While working on this project, my coworkers and I heard repeatedly from folks on other data science or economics teams that they either struggled with the same GLM software problems we had or they had built their own internal GLM tool similar to glum. I’m really happy to be able to help rectify this situation and release something that the whole community can use.

We started working on glum in March 2020 and it’s been in heavy use within QuantCo since July 2020. During that same timeframe, tabmat grew out of our efforts to make glum as fast as possible when we realized that a key performance issue was efficiently handling a mix of dense, sparse and categorical subcomponents. You can read a lot more about the story behind glum.

Performance against glmnet and h2o

glum is at least as feature-complete as glmnet and h2o, two of the most popular existing GLM tools.
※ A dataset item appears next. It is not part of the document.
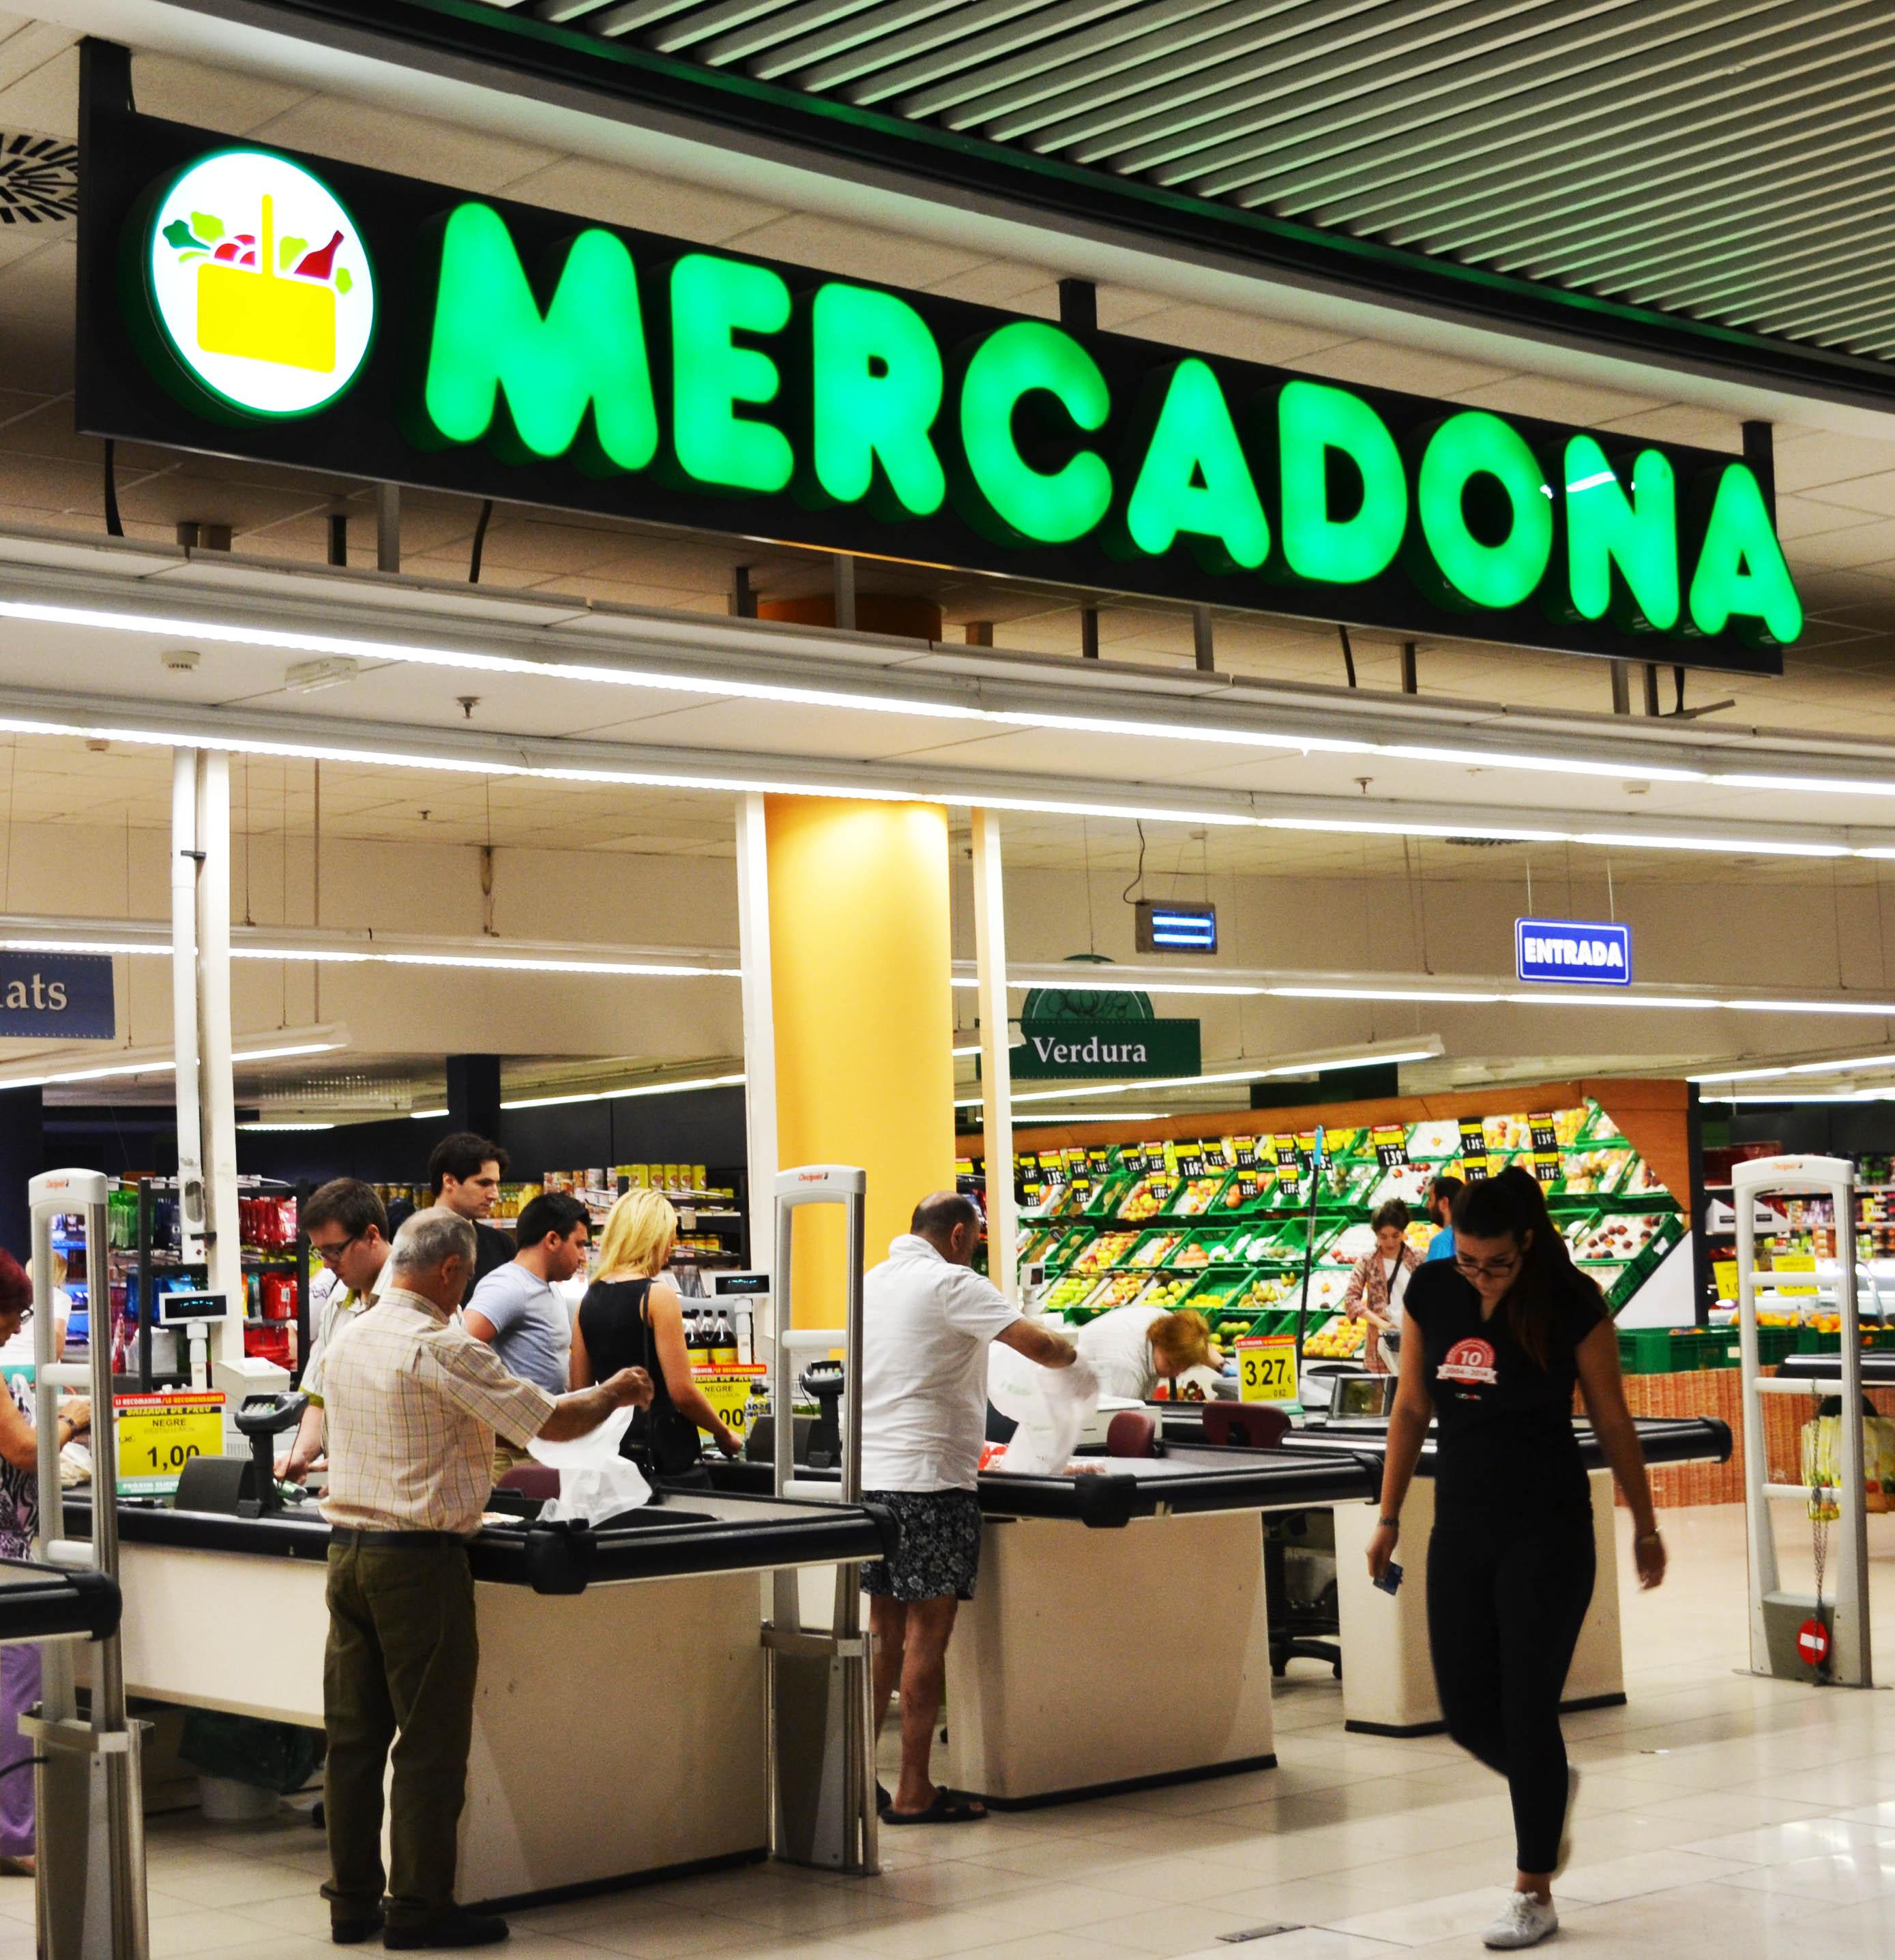 mercadona Mercadona - download as powerpoint presentation (ppt), pdf file (pdf), text file (txt) or view presentation slides online.

On top of the capabilities that you know and love from those packages like elastic net regularization, regularization paths and automatic cross validation, we have some additional features that might get people excited:

Variable L1 and elastic net penalties and variable matrix-valued Tikhonov matrices. This means you can choose how much to regularize each parameter and, in the L2-case, each pair of parameters. We’ve used this to do things like spatial smoothing for zipcode fixed effects. Check out this example figure
Linear inequality constraints on parameters. We’ve faced several situations in insurance pricing where we need to enforce constraints on a linear combination of parameters. This is not a commonly available feature because it makes
Handling extremely wide categorical problems. Because tabmat handles categorical matrices very efficiently, we can smoothly work with problems that have hundreds of thousands or millions of indicator variables.
Arbitrary distributions and link functions. We work with Tweedie and Gamma distributions a lot in our insurance work. Lack of support for these distributions motivated us to make sure that users can extend glum to work with whatever distributional assumptions they want so long as the choices still fit within the framework of a GLM.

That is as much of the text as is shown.